Another study said that when orotracheal intubation is performed with 1 MAC desflurane, the Ce of remifentanil during orotracheal intubation was 3.7 ng/ml [20]. The difference of remifentanil concentration in orotracheal intubation depends on whether the intravenous or inhalational agent was used. Mahli et al. [21] reported that the values of mean arterial pressure (MAP) and HR for the propofol group were significantly higher than the desflurane group during general anesthesia.

Ithnin et al. [22] showed that the Ce of remifentanil required for orotracheal intubation with the Macintosh video laryngoscope was 4.41 ng/ml, and that of the Glidescope (direct laryngoscope) was 5.45 ng/ml with propofol TCI at a target effect-site concentration of 3.0 µg/ml.

We wanted to determine the hemodynamic changes that occur in patients undergoing NTI using video laryngoscope and the Ce of remifentanil with inhalation anesthetics. Lee et al. [23] indicated that remifentanil was safe and effective at a target Ce of 4 ng/ml. In this study, due to concerns that the side effects of the propofol injection (such as hypotension) may be elevated, we started to administer remifentanil at 3 ng/ml in the first patient.
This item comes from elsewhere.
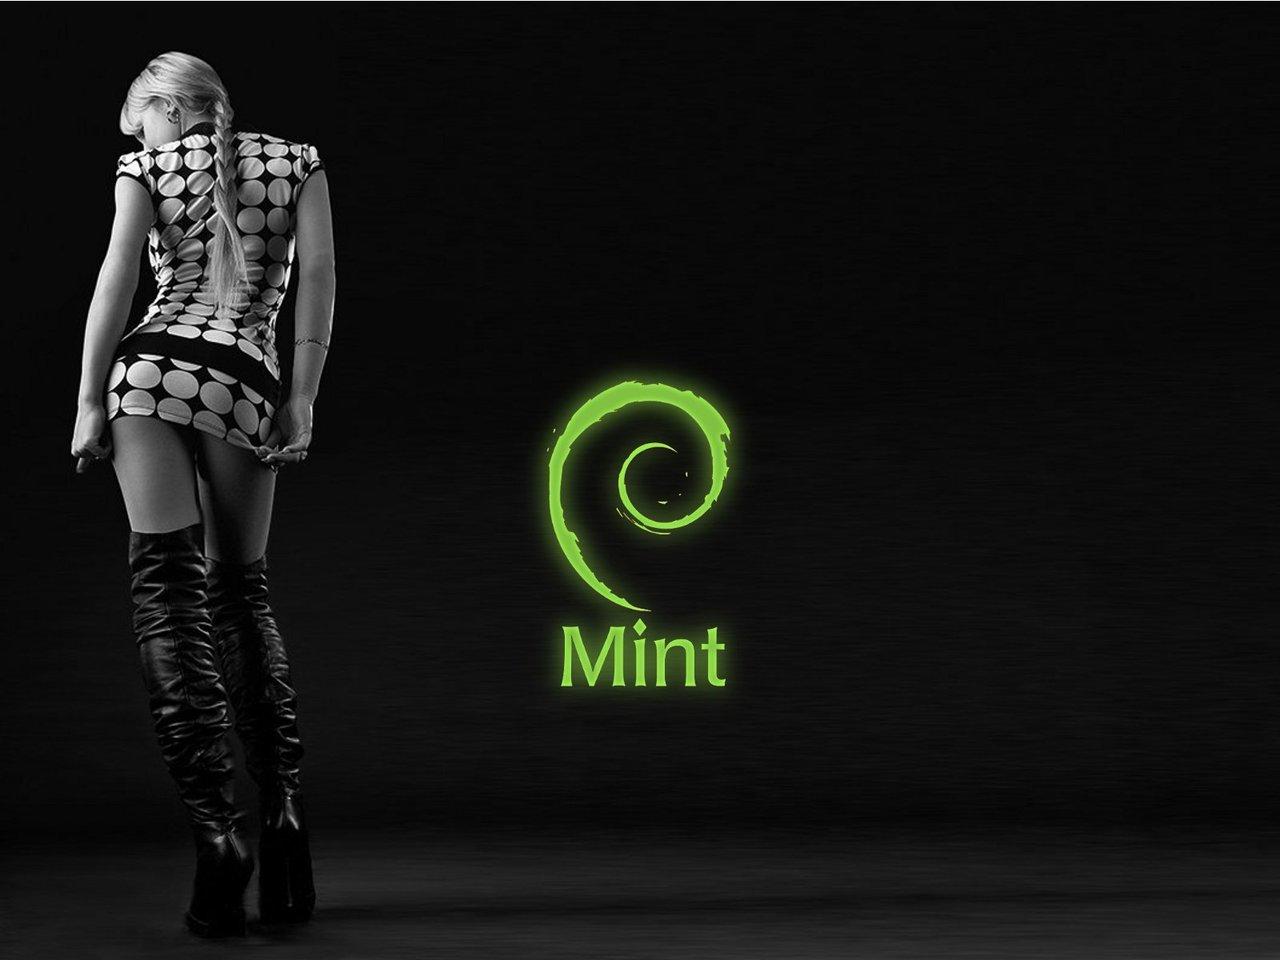 Linux Mint lucyfe My wallpaper Mint Debian 1280x960

Based on the previous studies, we found that using a video laryngoscope required a lower concentration of remifentanil than a direct laryngoscope for hemodynamically stable NTI. Video laryngoscope is mainly used for difficult intubation; however, it may help to minimize the sympathetic nervous system response during endotracheal intubation even in patients with normal anatomical airway structures.

There are some limitations to this study. First, after the bolus injection of propofol, inhalation of desflurane was started. This means that propofol has the potential to offset the effects of desflurane on patients during intubation. Second, there is no difference in the remifentanil concentration between men and women. To calculate statistically significant values, we needed a sample size of between 20 and 40 [23]. However, we only had 13 and 8 samples for men and women, respectively. The statistical accuracy of this study might be improved with a bigger sample size.

In conclusion, the Ce and CE of remifentanil to minimize the cardiovascular changes to NTI during 1 MAC desflurane anesthesia with a video laryngoscope were 3.22 ng/ml and 4.25 ng/ml, respectively. During anesthesia with desflurane and a remifentanil infusion, patients had cardiovascular stability and no complications.